Если по отходе поезда сон еще не прилетает, я перехожу к «спасению ребенка»: второй сюжет, которым я на разные лады, очень часто пользуюсь. Чаще всего, это — ребенок моего друга, единственный и обожаемый сын, приговоренный докторами к смерти, почти умирающий. Я прибегаю ночью. В доме нахожу тот беспорядок, который сопровождает тяжелое горе; мать на коленях; отец точно окаменел; как привидения, скользят по стенам тени родственников и друзей; доктор стоит, скрестив руки, около постели, где лежит маленький Джулио, уже неподвижный и белый, точно мертвый. Я вхожу, меня едва замечают. Обращаюсь к отцу и к матери, — «Он не слышит уже ничего! Ничего не говорит! Все кончено!» — Кто знает! —отвечаю я. —Тон моего ответа их поражает: они глядят на меня, подходят вместе со мной к постели, но на их лицах — выражение сострадания к собственной надежде.

— Джулио! — зову я.

Но нет. Иллюзия не достаточно хорошо приготовлена. Я начинаю снова, с самого первого своего появления, более тщательно работая воображением; я представляю себе живее, с более определенными и более ясными подробностями, эту комнату, здесь освещенную, там темную, некоторые разбросанные предметы, искаженное и помертвелое лицо матери, цвет ее беспорядочного костюма, дрожание ее белых ручек, которыми она хватается за голову, взгляд удивления и сомнения, который они оба устремляют на меня, усталое и сонное лицо врача, скрывающего рукою зевок. Готово? — Готово. — Итак, к делу.

— Джулио! — зову я.

Ребенок открывает глаза. У матери вырывается крик, отец хватает меня за руку, доктор вздрагивает.

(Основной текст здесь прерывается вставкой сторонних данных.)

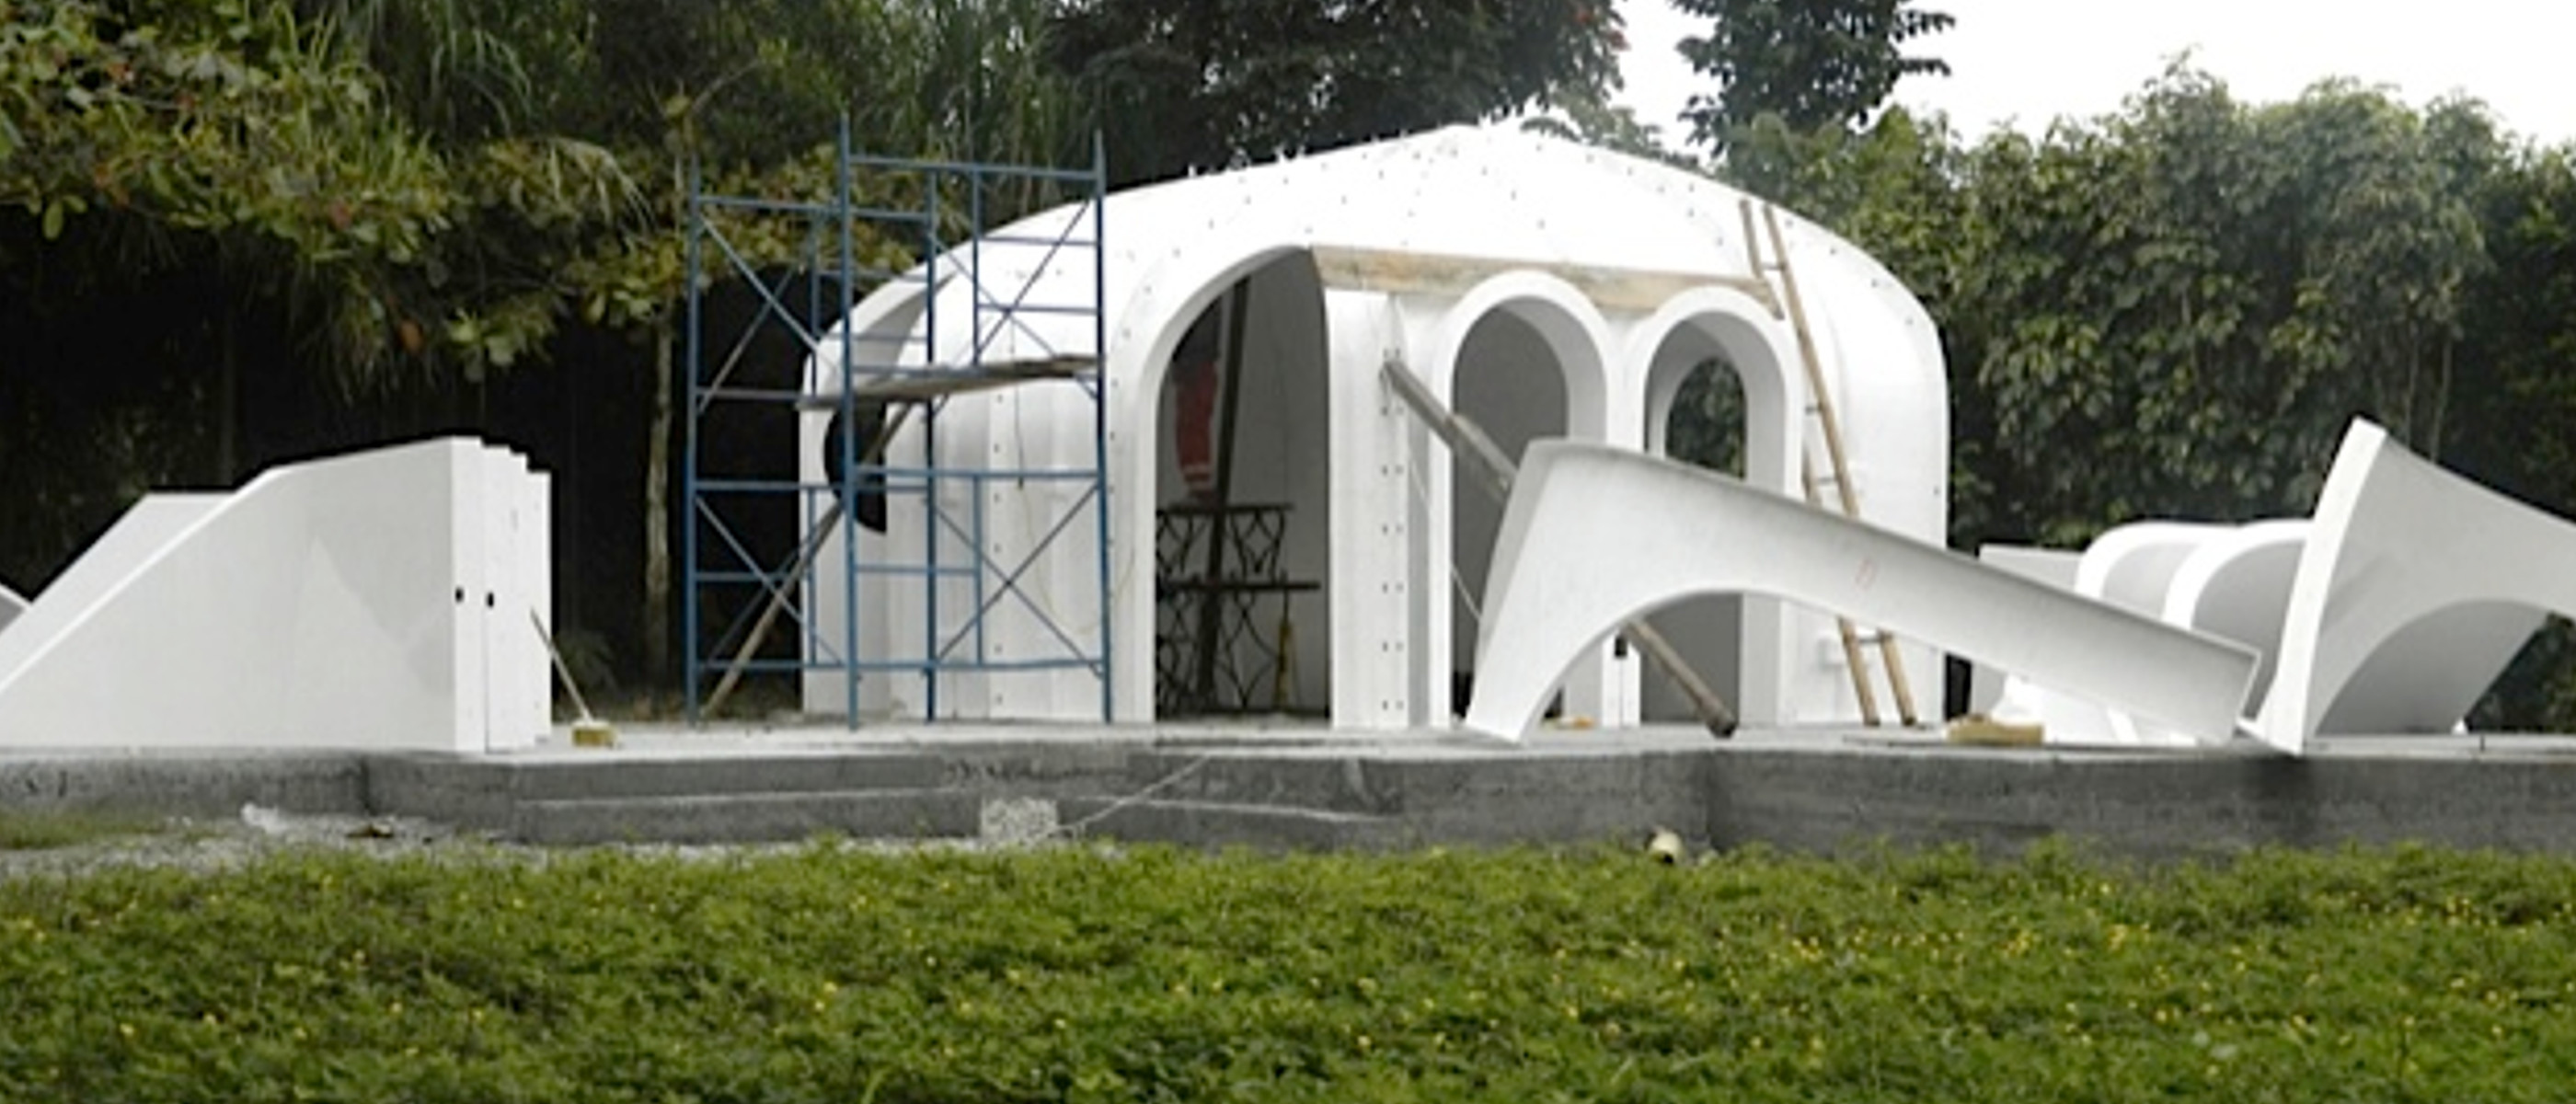 casas prefabricadas con césped dividida en módulos
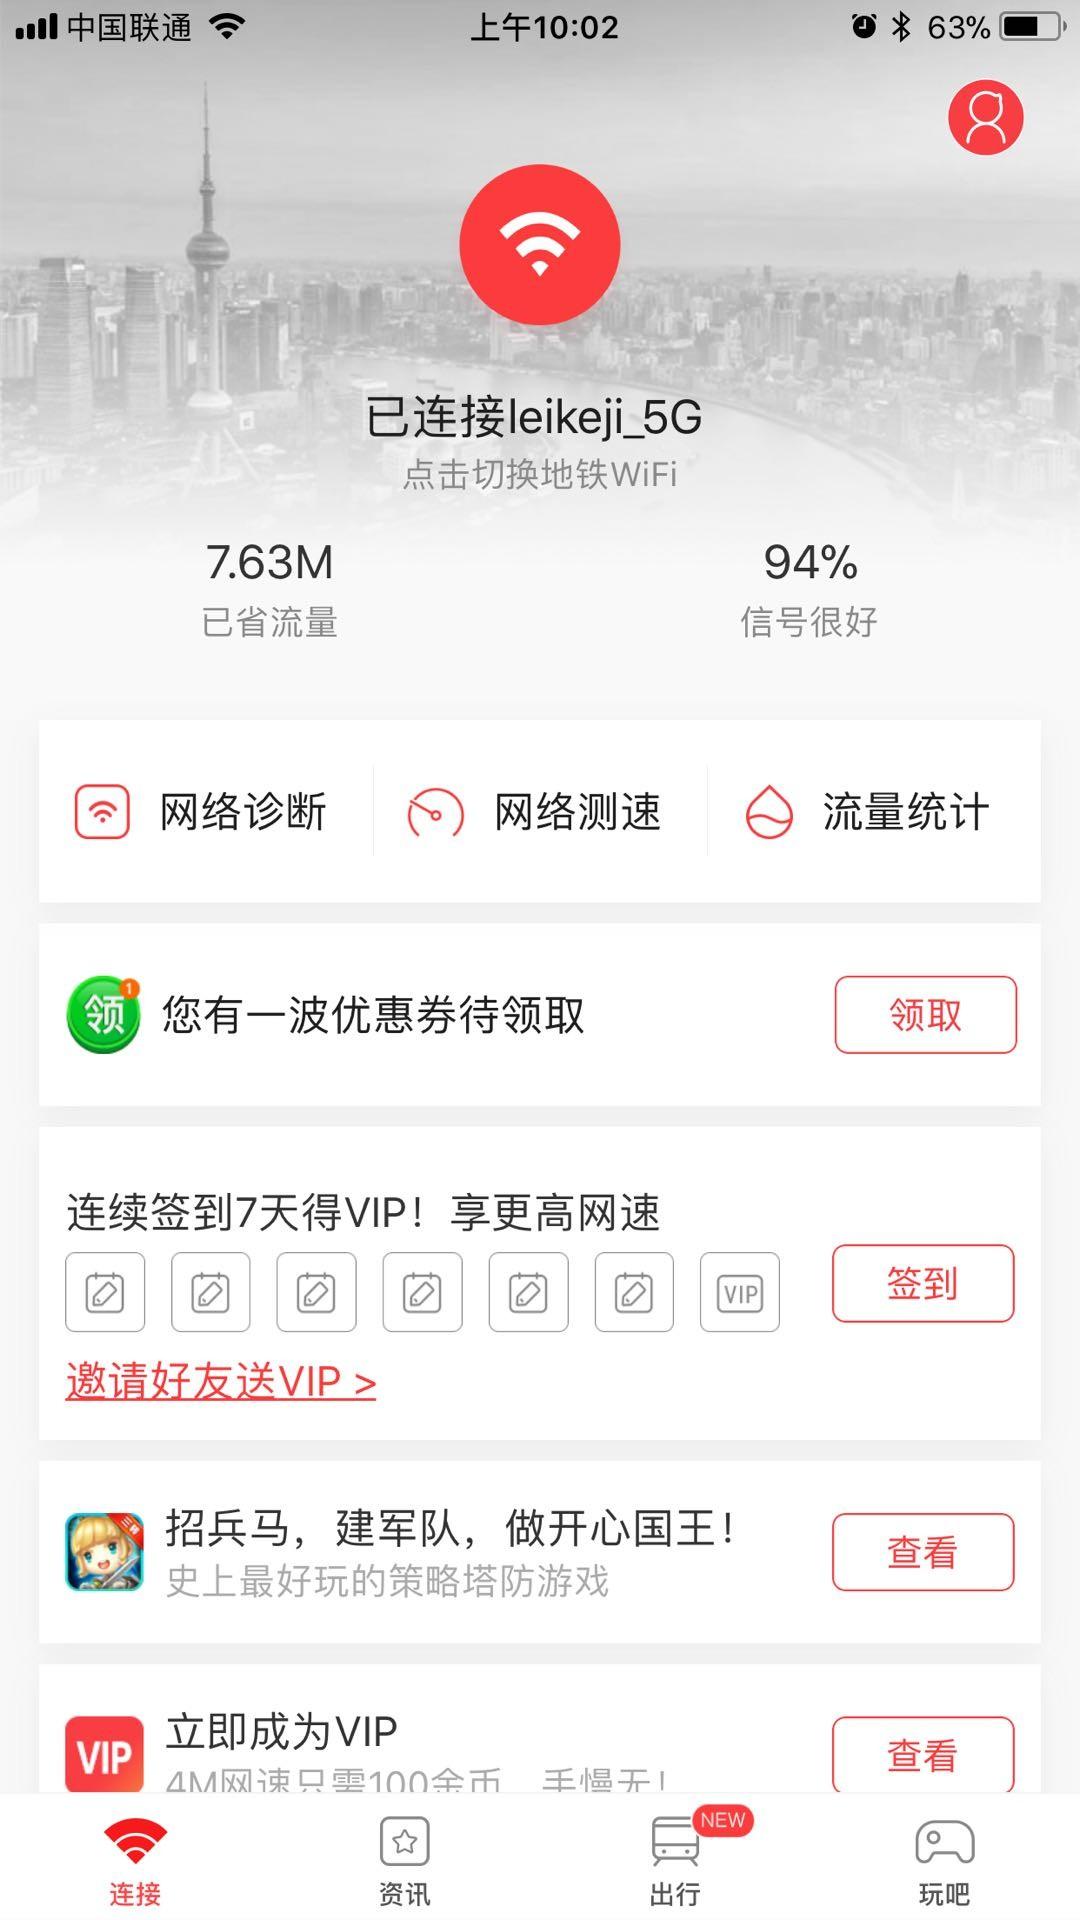 再也不担心玩手机没流量?腾讯竞标高铁WiFi公司股权:30亿元

Тут я пользуюсь иногда одним, иногда другим способом: иногда это склянка лекарства, обладающего чудодейственной силой (историю его я придумываю заранее), иногда же это просто целительное свойство (таинственное даже и для меня самого) моего прикосновения и моего голоса. Одну руку я кладу ребенку на голову, а другую — на сердце. Сердце оживляется, щеки розовеют, члены становятся гибкими. И чудо за чудом: Джулио смотрит кругом себя, узнает родителей, улыбается, жестом руки просит апельсин... Щупаю его, — лихорадки больше нет. Он отведывает апельсина, приподнимается, смеется, говорит... Он спасен! И вот я слышу, действительно слышу, клики удивления и радостные рыдания, чувствую трогающие меня руки и уста, целующие меня, слышу близкие и отдаленные голоса, поспешные шаги, хлопающие двери, стук упавшего стула, и запах эфира, смешанный с запахом апельсина, корки которого я вижу на комоде. О, мой дорогой друг, каким голосом клянешься ты мне в своей вечной благодарности, сжимая меня в объятиях и глядя мне в глаза сияющими глазами! А ты, прелестная мамаша, в слезах и не помня себя, — ты кладешь мне на плечо свою головку, касаясь моих уст твоими белокурыми волосами! Кто в подобные мгновения обратит внимание, куда попадет поцелуй! Да разве я не имею почти что права на него?... Но это уж фантазии безумца... Да и не безумна ли наполовину всякая человеческая радость?

———

А то еще вот что. Я — благодетельный крез. Но моя благотворительность не мудреная. Для того чтобы получить и усладить свое воображение, мне надо благотворить немедленно, на скорую руку, без удержу и без правил, как поступил бы ребенок-миллионер. Так что я предаюсь истинным восторгам благородного эгоизма. Выхожу я из дома, нагруженный банковыми билетами, и приступаю к погоне за нищетой. Я приглашаю к роскошному обеду голодающего бродягу, которого я вижу около полудня в раздумье перед трактиром и который уже отчаялся получить свою скромную порцию яичницы; я останавливаю проходящего мальчика в лохмотьях, веду его к «Братьям Боккони»1, откуда вывожу его преображенным с головы до пят; я посылаю великолепный венок из белых роз на пустой катафалк, ожидающий умершего ребенка, мать которого, как я слышал, в отчаянии, что должна похоронить его без цветов. Потом, я натыкаюсь по дороге на ворох мебели, вокруг которого, в слезах, собралась вся семья, выселенная из дому. — Несите все наверх, плаксы! — кричу я им;— я обеспечиваю вам кров вплоть до открытия памятника Виктору Эммануилу в Риме. — На одном перекрестке я в разговоре двух и? женщин схватываю на лету горестное восклицание: — Как же вы хотите, чтоб у меня взяли ее, когда опа бесприданица? — Я круто : оборачиваюсь: — Бесприданица? Этот дом напротив — ее приданое!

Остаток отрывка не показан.